Wei Wuxian barely registers that he’s alive again before he begins using this new body as a deniable disguise to begin restaging the flirtation campaign he started at either 14 or 17. He brings an adult’s greater sexual awareness to his efforts (though he’s still, in MDZS, closeted). On a Doylist level, Wei Wuxian’s transmigration into Mo Xuanyu is absolutely an enabling, experimental body shift. What can Wei Wuxian use his freedom from his reputation and obligations to get away with? aeriallon has also observed that in part, the pleasure function of the Xuanyu body swap is the assurance it offers that a partner will still love you, even if you totally physically change (admittedly, Wei Wuxian changes into a still-attractive person of the same gender and roughly the same age, because there are other fantasy elements at work here). The body-swap accomplishes many things, but
aeriallon certainly identifies a key part of the emotional appeal the text constructs for readers.

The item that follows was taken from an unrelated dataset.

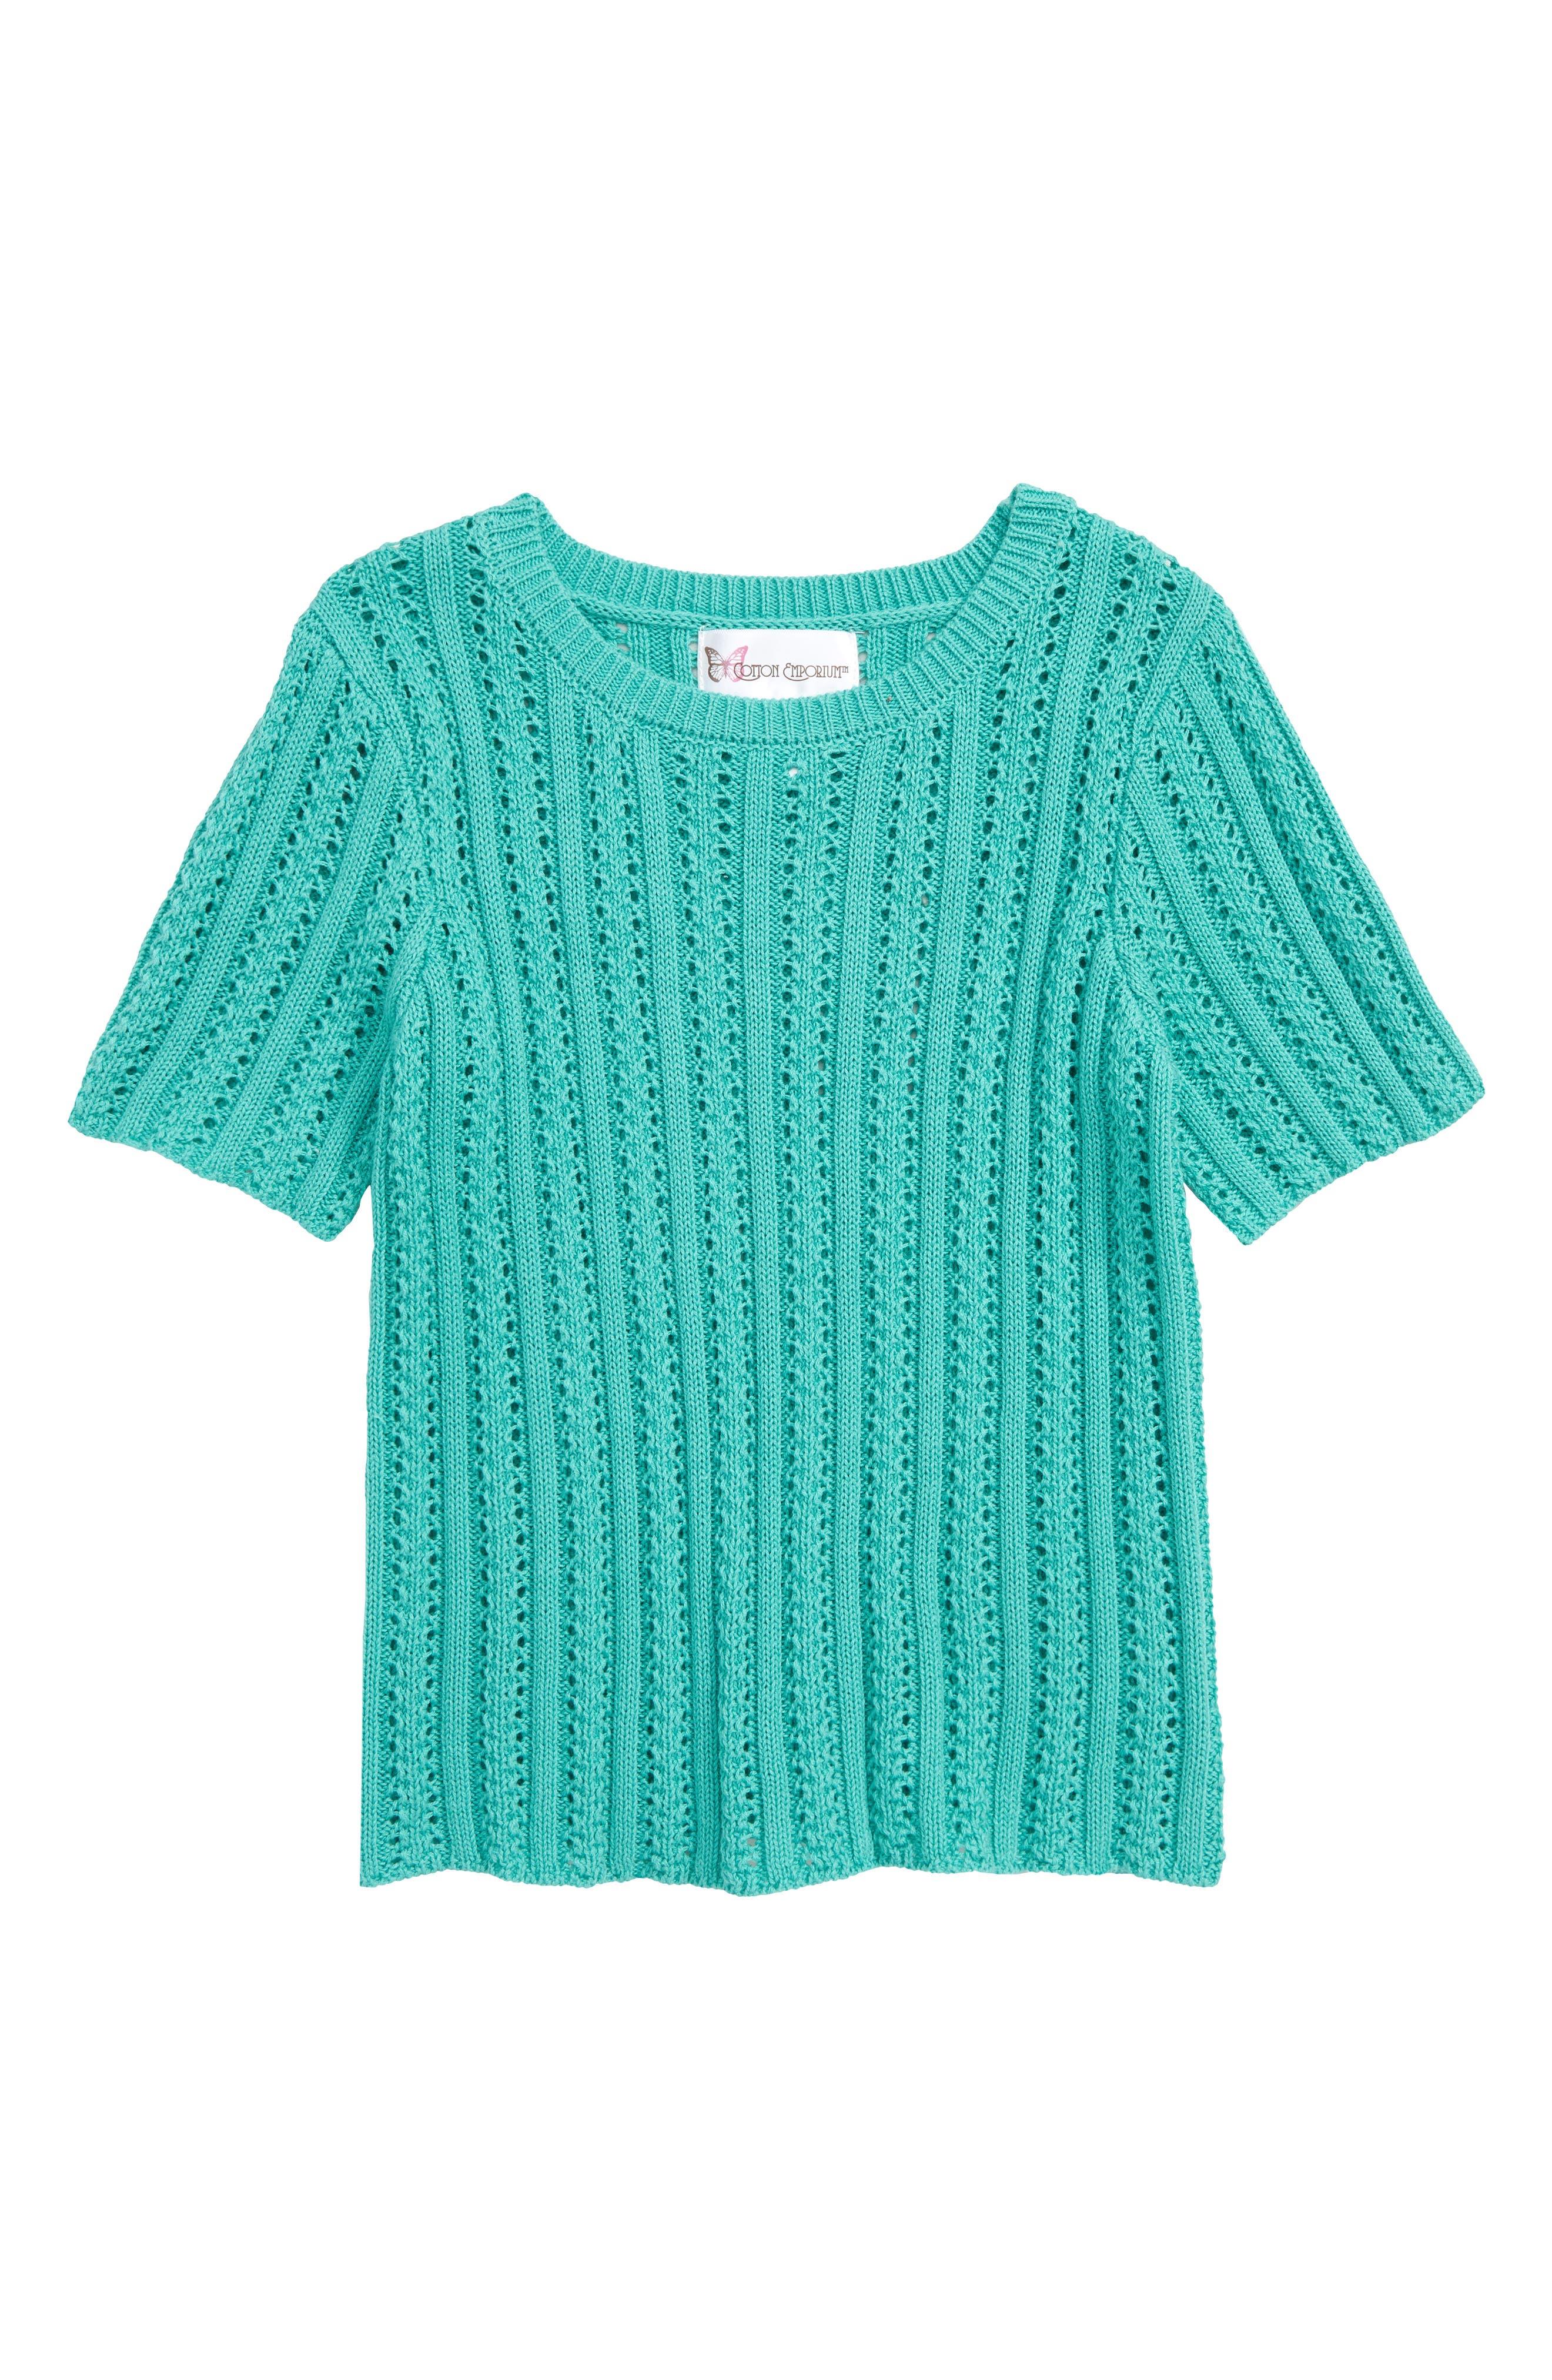 Girls Cotton Emporium Loose Knit Sweater Size XL (16)  Green
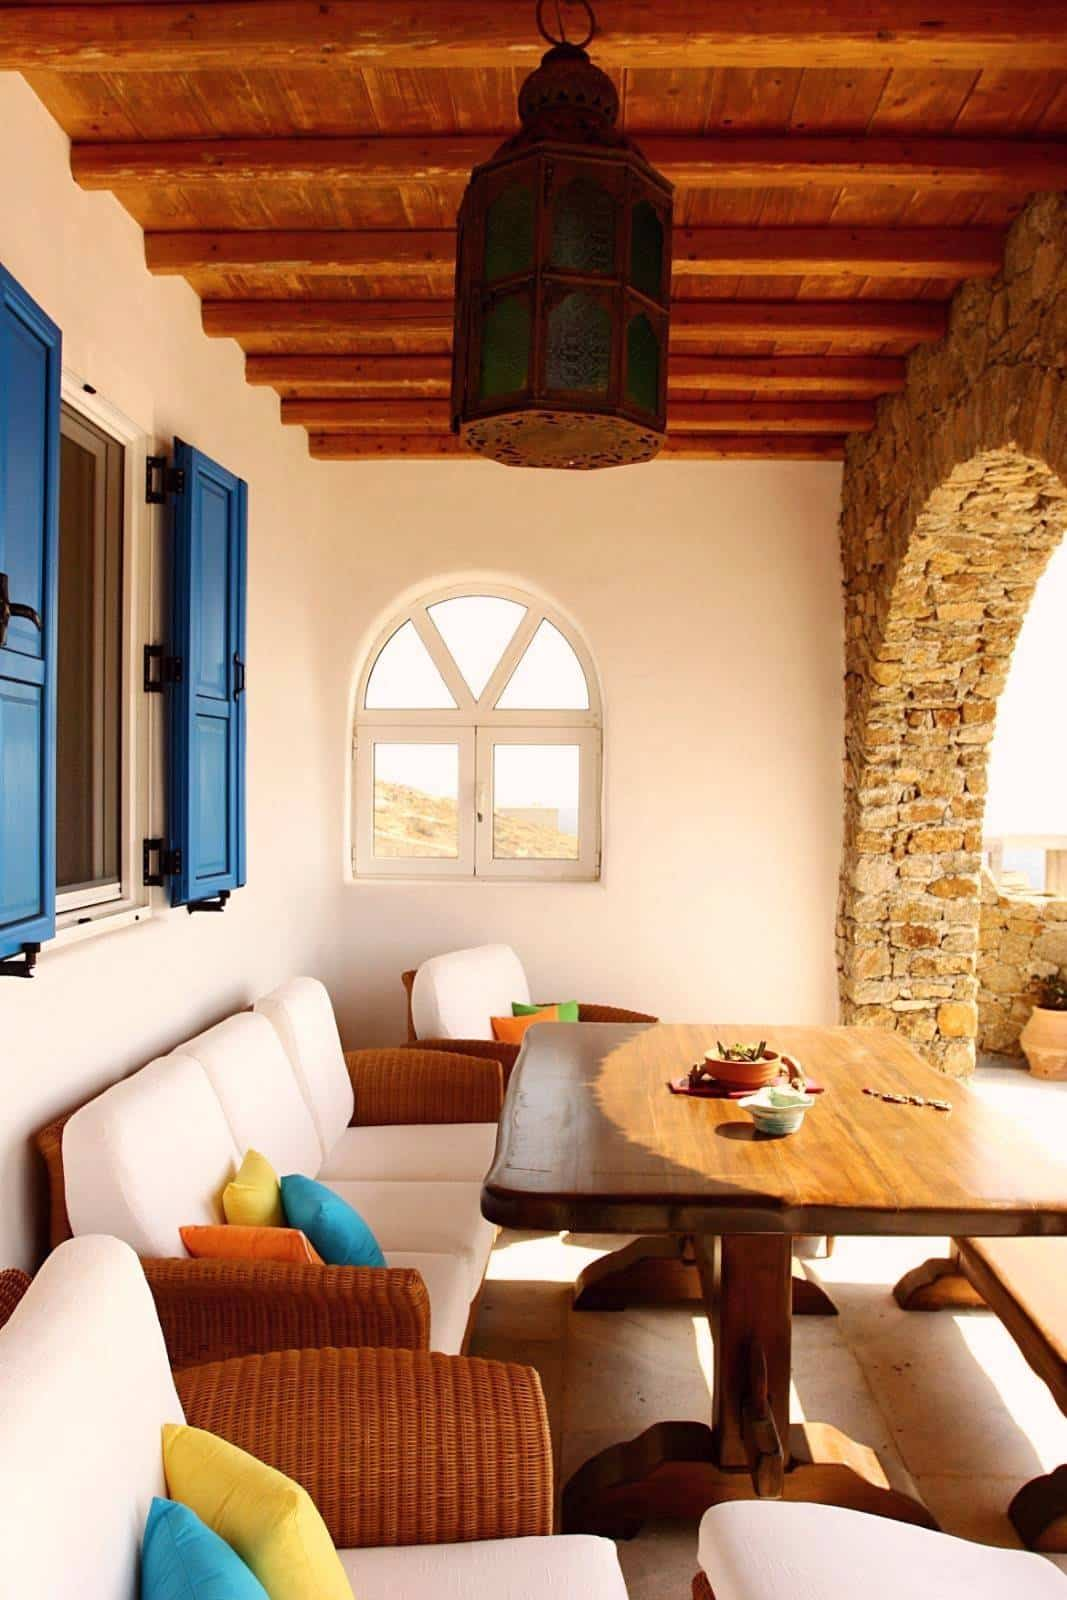 luxurious villa Mykonos - πολυτελής βίλα Μύκονος - mykonos services - οικοδομικές εργασίες 24

Part of the charm of these body-shifts is their built-in implication of the continuity of self: the possibility of one’s self being separable from the body, somehow unitary and persistent despite alterations over time. Assumed bodies also enable play with class, flights from and assumptions of responsibility, and freeing engagements with anonymity. So many of these bodies are ‘false’, and only-ambivalently chosen. Yet they are nonetheless powerfully, meaningfully occupied as both enabling psychological devices and ‘true’ bodies.